From the other side of the aisle, Micciche also took issue with the bill because he said it didn’t provide any production requirements for companies.
“We have to get the Legislature to look more in advance at solutions so we don’t make sloppy decisions going forward,” he said. “You have to think about the behavior you want to see before you create an incentive.”
There was another product of the recovery act: the Cook Inlet Natural Gas Storage Alaska facility.
Lindsey Hobson is a spokesperson for Enstar, the gas utility that runs the facility off Beaver Loop in Kenai. Enstar supplies gas to about half of Alaska's population and gets all of its gas from Cook Inlet.
Standing among CINGSA machines that compress gas before it heads into five underground wells, across the street, she said Enstar and other electric utilities dip into those reserves when they need gas most, on the coldest days. The facility can hold 11 billion cubic feet of gas — about a third of the amount Enstar customers use each year.
“We can take greater volumes in the summer and store those volumes and call on them in the winter when we require more gas,” she said.
Hobson said the utilities are considering more storage as another partial solution, this time. But storage alone won’t fix Southcentral’s problems. She said a crucial factor back in the 2010s was the entry of a new company into Cook Inlet.
“And that’s an important piece, and something that we are looking for in terms of, what will that next step be? What will that major investment be?” Hobson said.
A Goldilocks company
When supermajor oil and gas companies lost interest in Cook Inlet and left in the early 2000s and 2010s, a new company entered — Hilcorp, a Houston, Texas-based company whose strategy of rehabilitating old oil and gas fields made them a good fit for the aging basin.
“Hilcorp was a Goldilocks company,” said Antony Scott, who was a commercial analyst with the state’s Division of Oil and Gas when Hilcorp entered the inlet.
He said Hilcorp was big enough that it had the capital to invest in the inlet and expertise to redevelop old fields.
“But they were also small enough that the prizes available were a pretty good fit for their capacities and their objectives as a company,” he said.
Hilcorp had a strategy that worked for the aging oil and gas basin — squeeze the last bits of production out of existing rigs and platforms and get them going again. The company’s then-CEO described it as a "quick hit, remedial program,” according to a 2012 story from the Anchorage Daily News.
Scott said that model was more economic for Hilcorp than building big new projects, which could cost millions of dollars and take years to permit.
As a result, Hilcorp outlasted other companies that tried to come in and gained a sort-of monopoly on Cook Inlet natural gas. The company bought up Chevron’s assets, and then Marathon’s. It hired an all-Alaskan staff and signed long-term contracts with utilities.
But Scott said that strategy won’t keep the basin going forever. Without a willingness to build new platforms to access harder-to-get Cook Inlet gas, there has always been an expiration date, especially as future demand for gas in Southcentral remains an unknown.
“What we need now are new resources,” Scott said. “And the problem with bringing on brand-new resources is that the geologic risk is much bigger.
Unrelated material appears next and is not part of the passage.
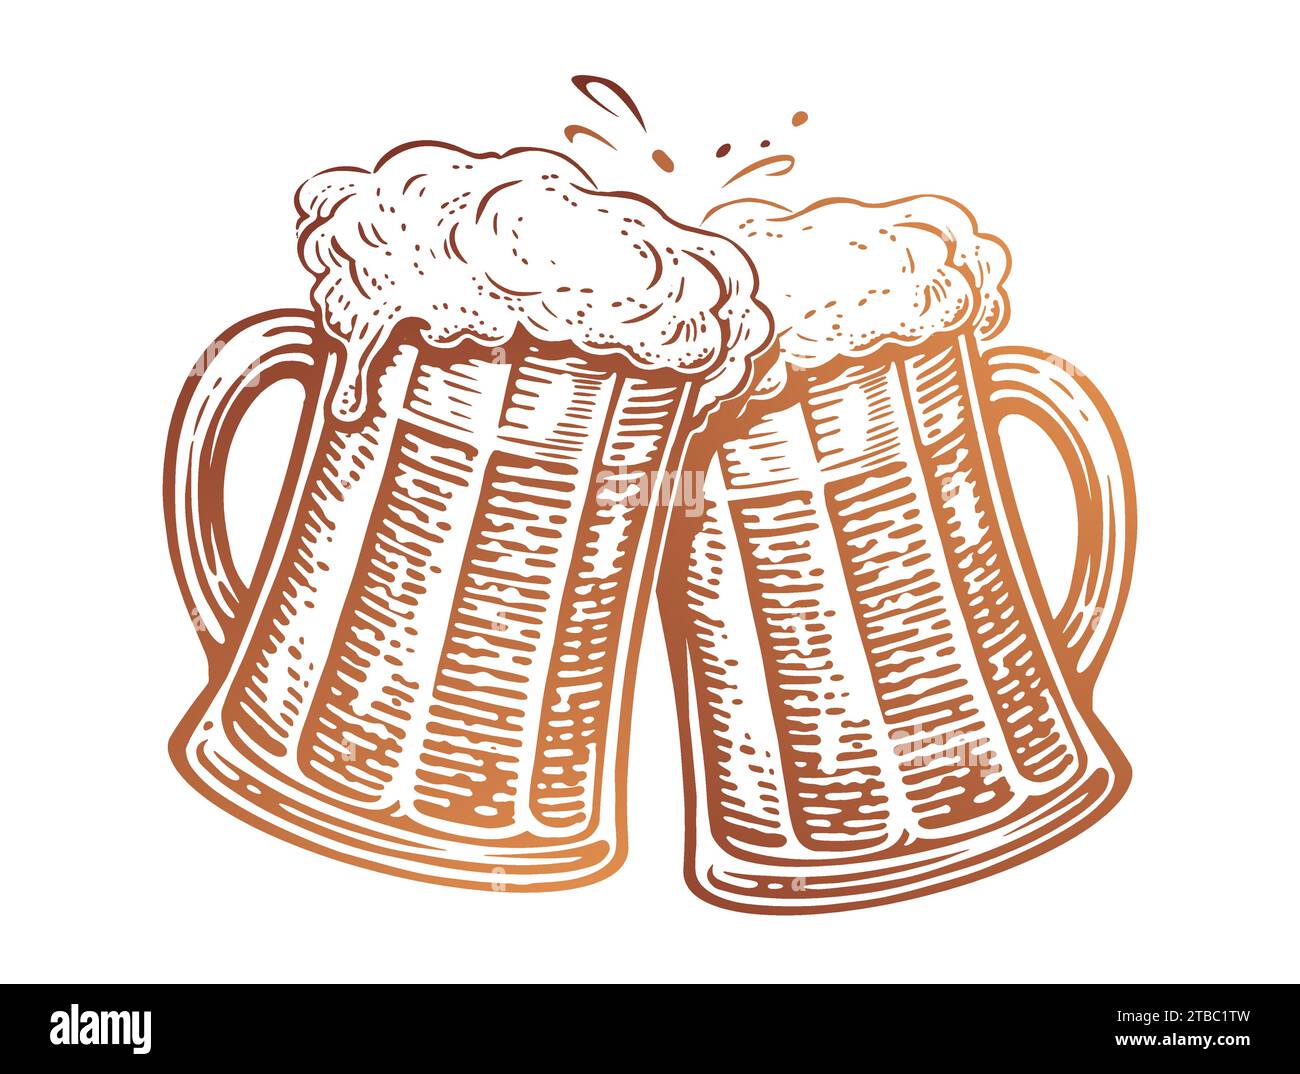 Brindisi, due tazze da birra. Bicchieri in vetro con un sacco di birra e spruzzi di schiuma. Illustrazione vettoriale Illustrazione Vettoriale

You really don’t know what you’re going to find.”
Last spring, Hilcorp told utilities it wouldn’t guarantee future contracts and that it would like utilities to be less reliant on the company to meet their energy needs.
They’ve said little, publicly, about their reasoning. Company spokesperson Luke Miller, in an emailed statement, said the company is working with utilities to develop a way forward.
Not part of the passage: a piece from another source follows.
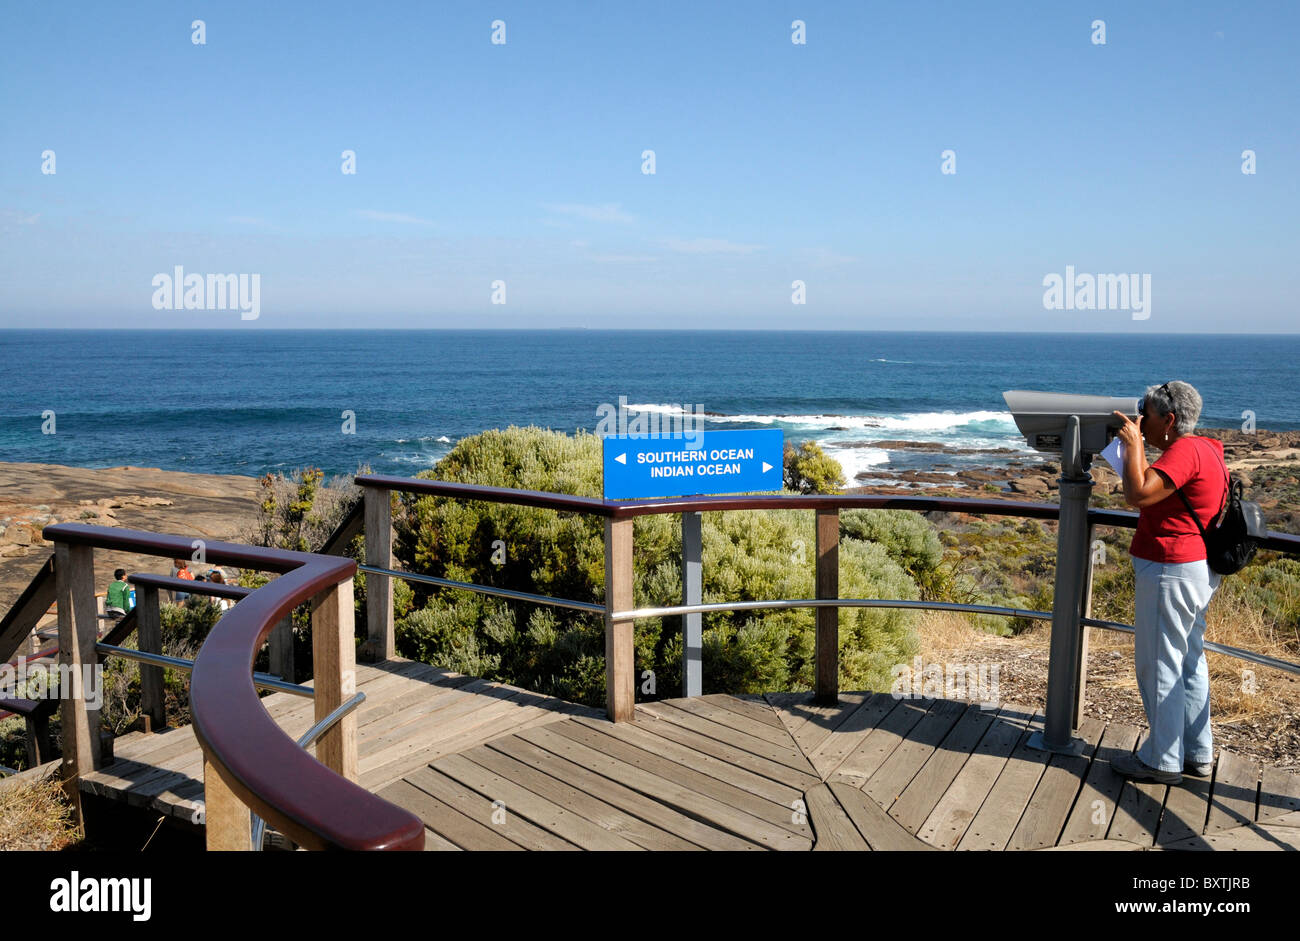 Treffen die südlichen und der indische Ozean am Cape Leeuwin Wa Australien Stockfoto

“In recent years, as Hilcorp has been asked to shoulder more of the burden, we felt it was prudent and responsible to communicate with Railbelt utilities our long-term view of the Cook Inlet basin, particularly as other producers have exited and non-Hilcorp investment levels have fallen significantly,” Miller statement said, adding that the company plans on investing nearly a billion dollars or more on new projects in Cook Inlet over the next five years, including drilling new gas wells.
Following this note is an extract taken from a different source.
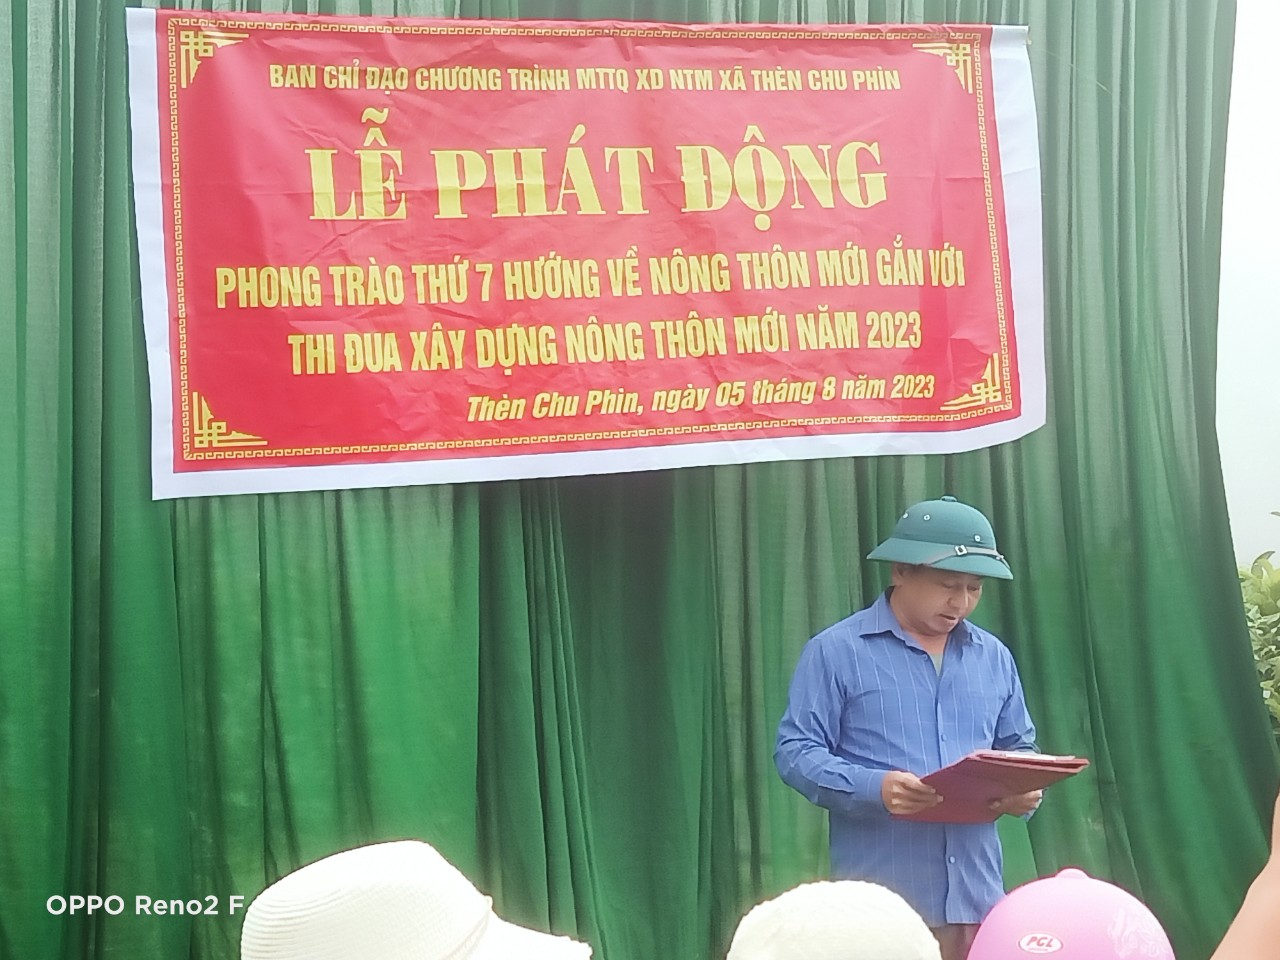 Xã Thèn Chu Phìn tiếp tục phát động “Phong trào thứ 7 hướng về nông thôn mới gắn với thi đua xây dựng nông thôn mới” quý III năm 2023

Lackluster industry interest
Economists and industry experts, like Scott, say business in the inlet isn’t as profitable for Hilcorp as it used to be. New development is getting harder and more expensive, while the market remains relatively small.
“We just have a problem where the risks and the size of the market and the incentives don’t seem to be hanging together,” Scott said.
At a State Senate hearing in January, Department of Natural Resources Commissioner John Boyle warned of low interest from new companies in the basin. Today, there are a myriad of smaller, local oil and gas companies in Cook Inlet, like HEX and Blue Crest. But they’re not producing enough to sign big contracts.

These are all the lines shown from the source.